*What is expected*
The answer is all of the data repeated exactly, with each picture omitted.

*Raw data*
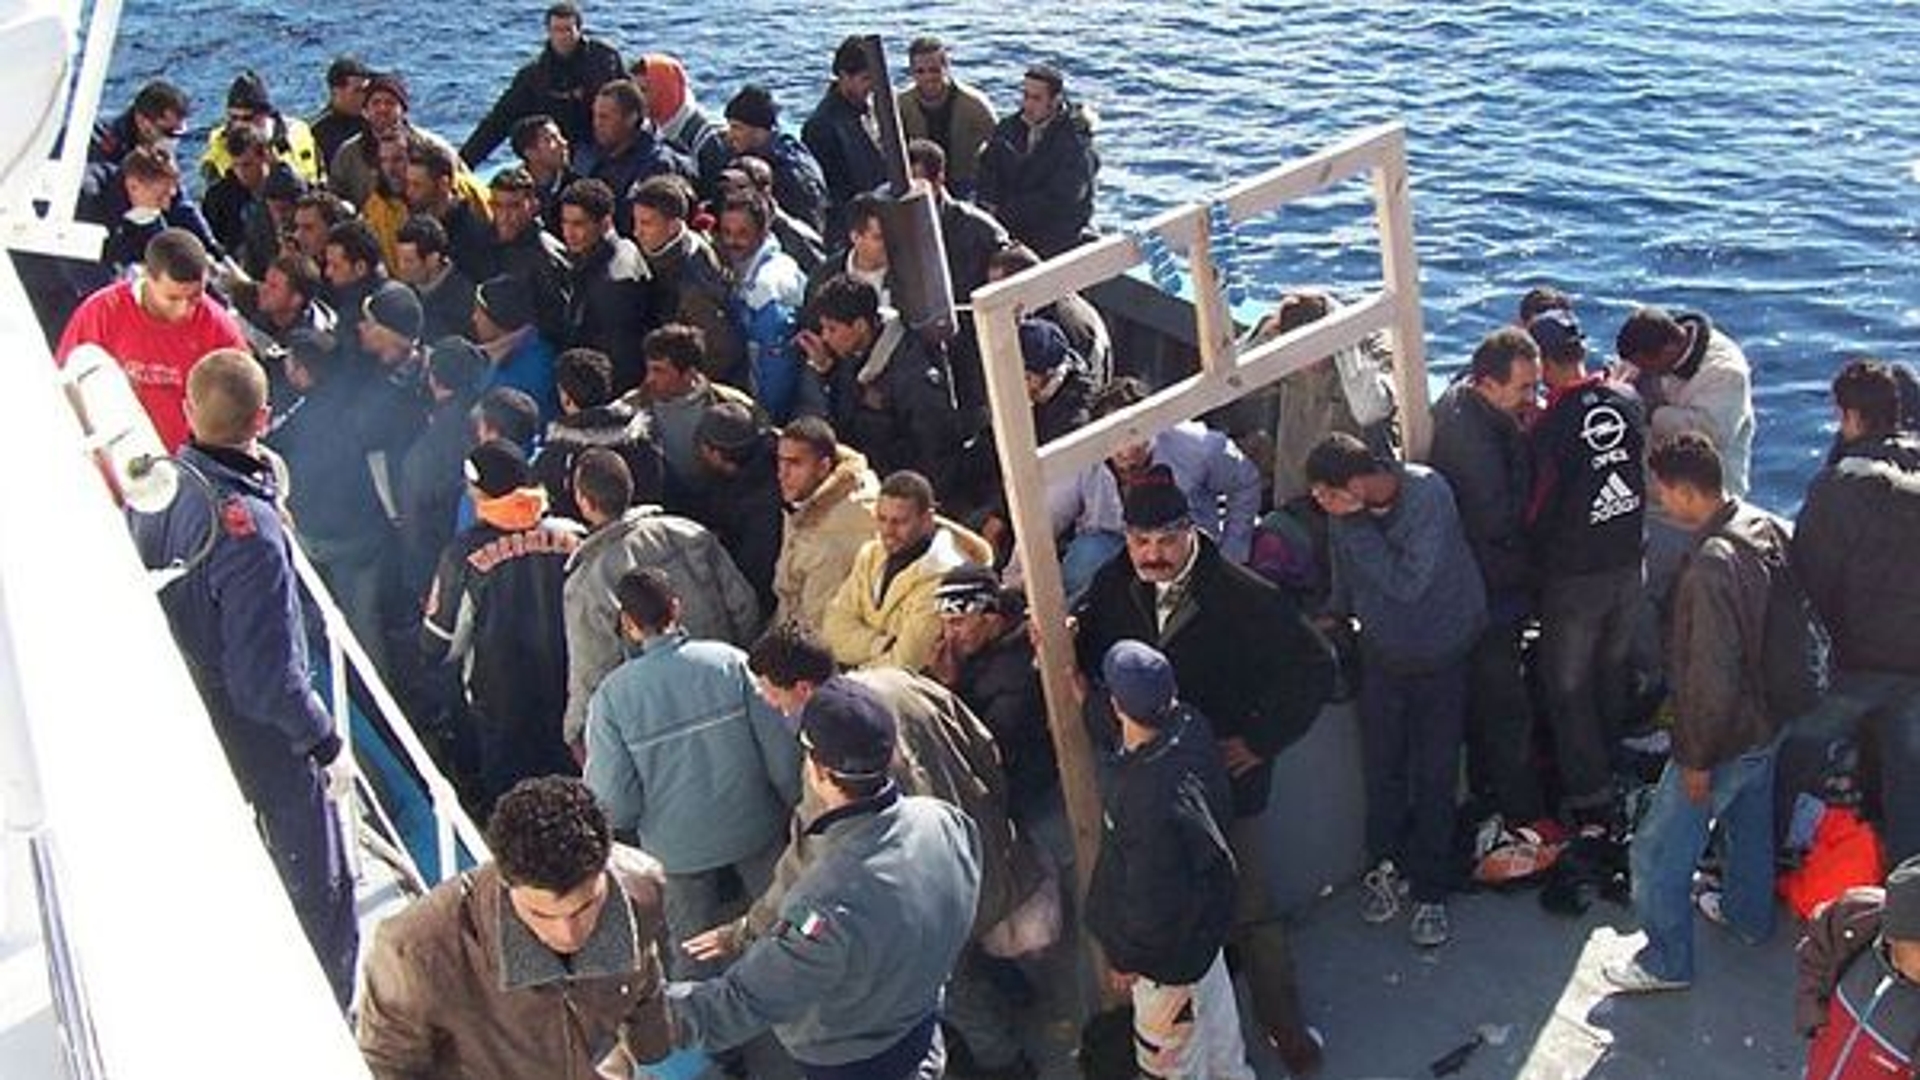 itali%c3%ab-redt-4000-bootvluchtelingen-in-2-dagen
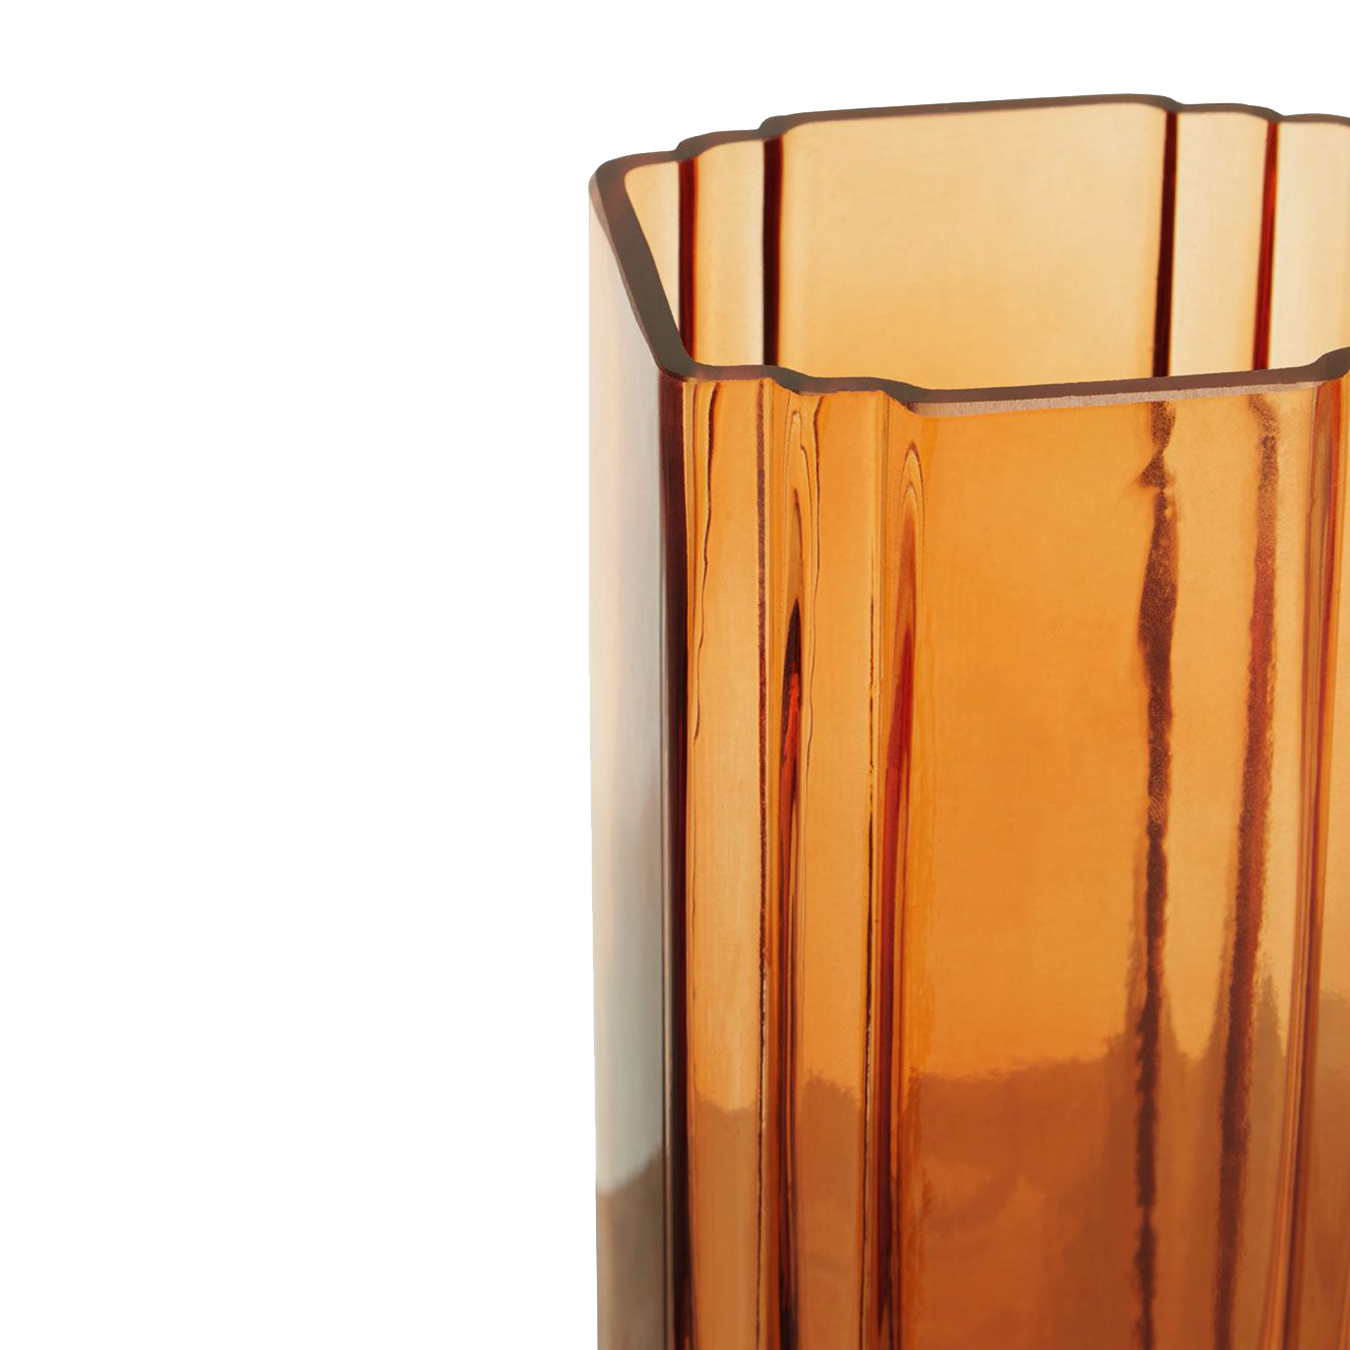 Orange Glass Vase Large
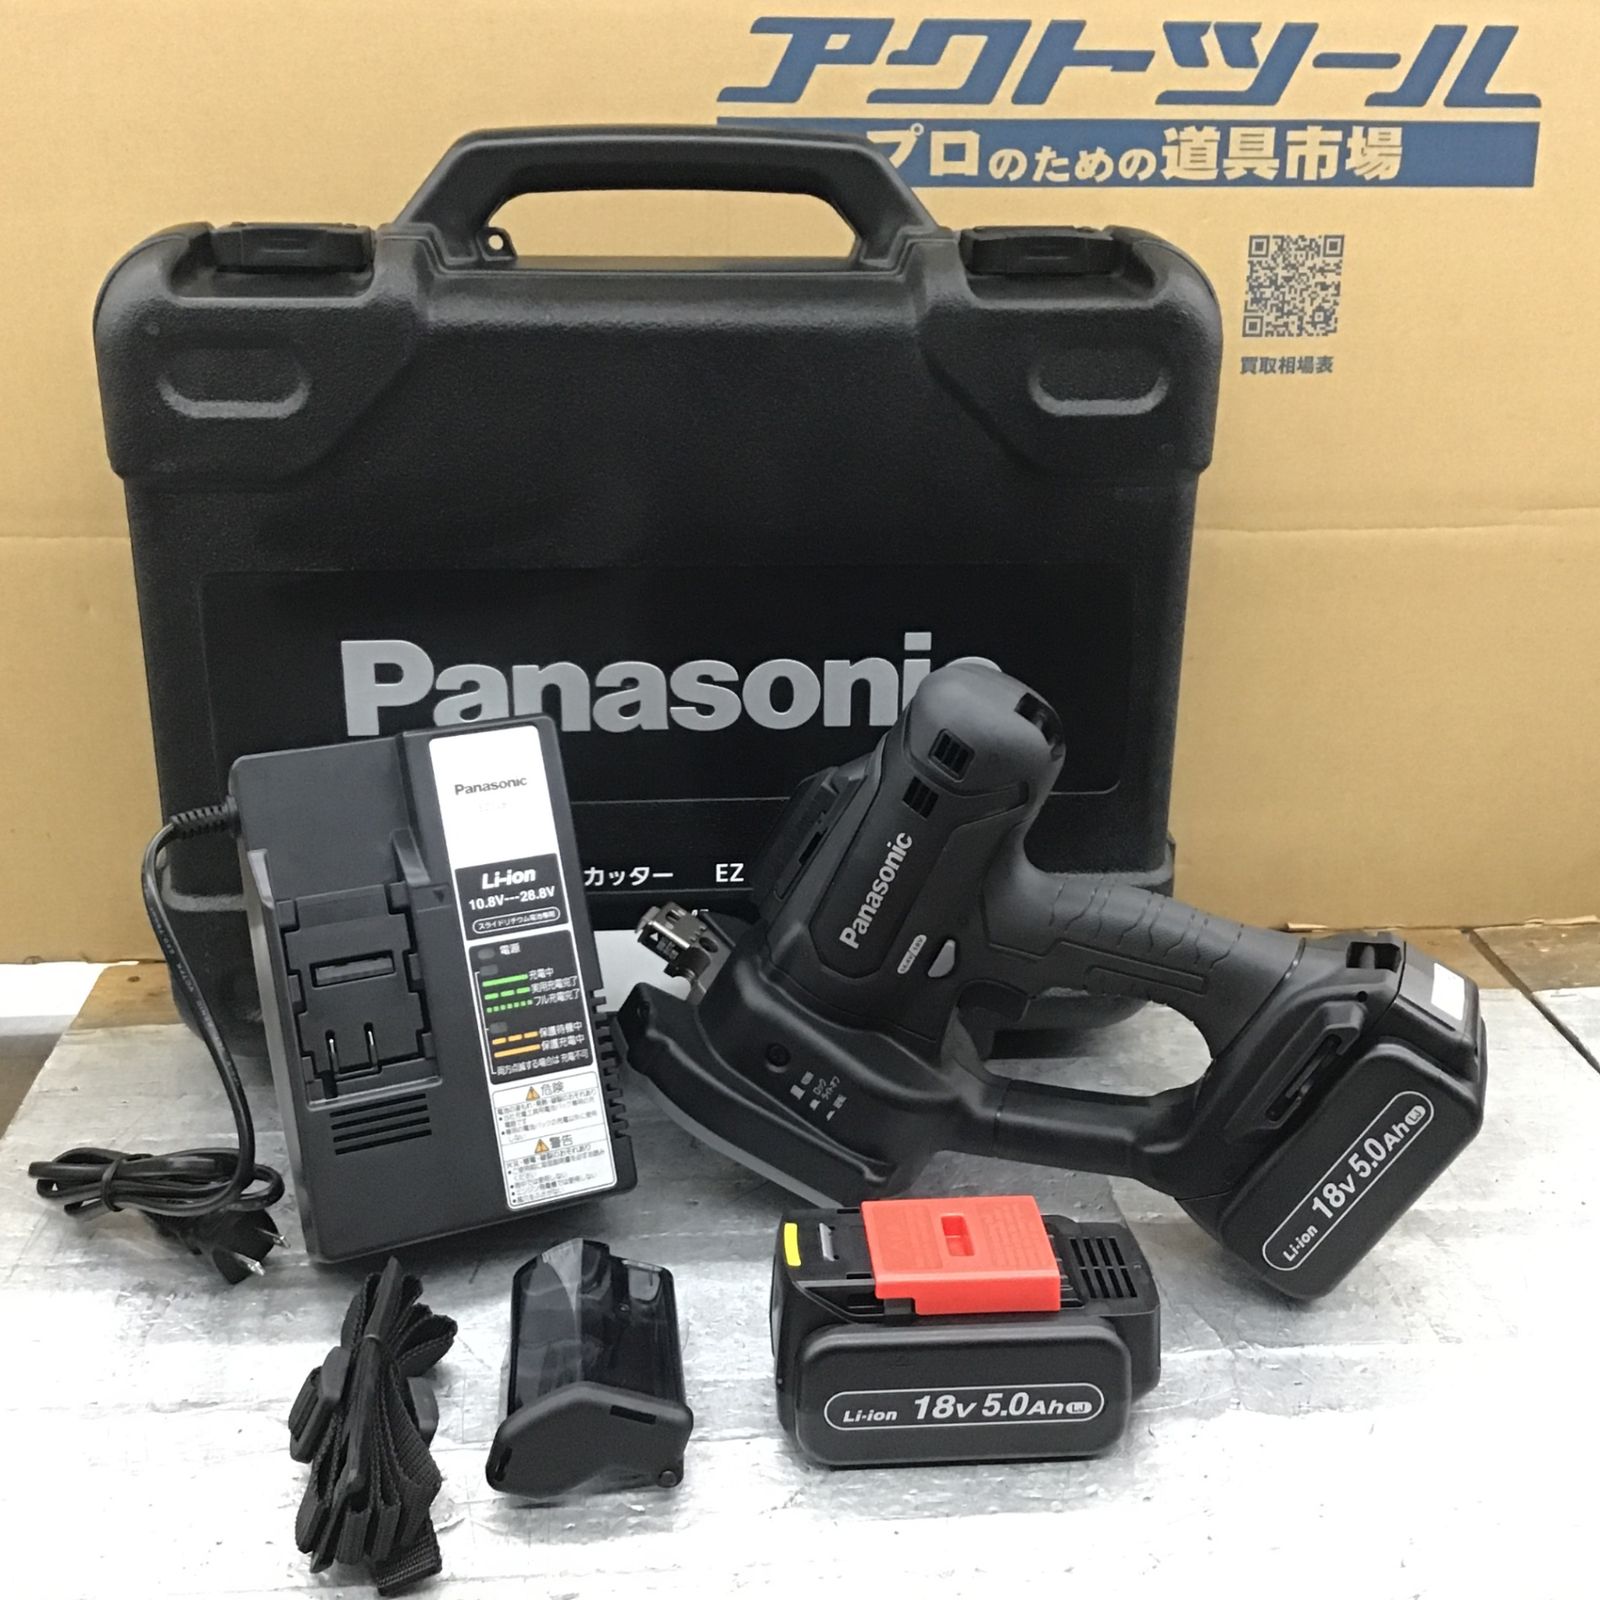 ☆パナソニック(Panasonic) コードレス全ネジカッター EZ45A8LJ2G-B ...

*Expected output*
 itali%c3%ab-redt-4000-bootvluchtelingen-in-2-dagen
 Orange Glass Vase Large
 ☆パナソニック(Panasonic) コードレス全ネジカッター EZ45A8LJ2G-B ...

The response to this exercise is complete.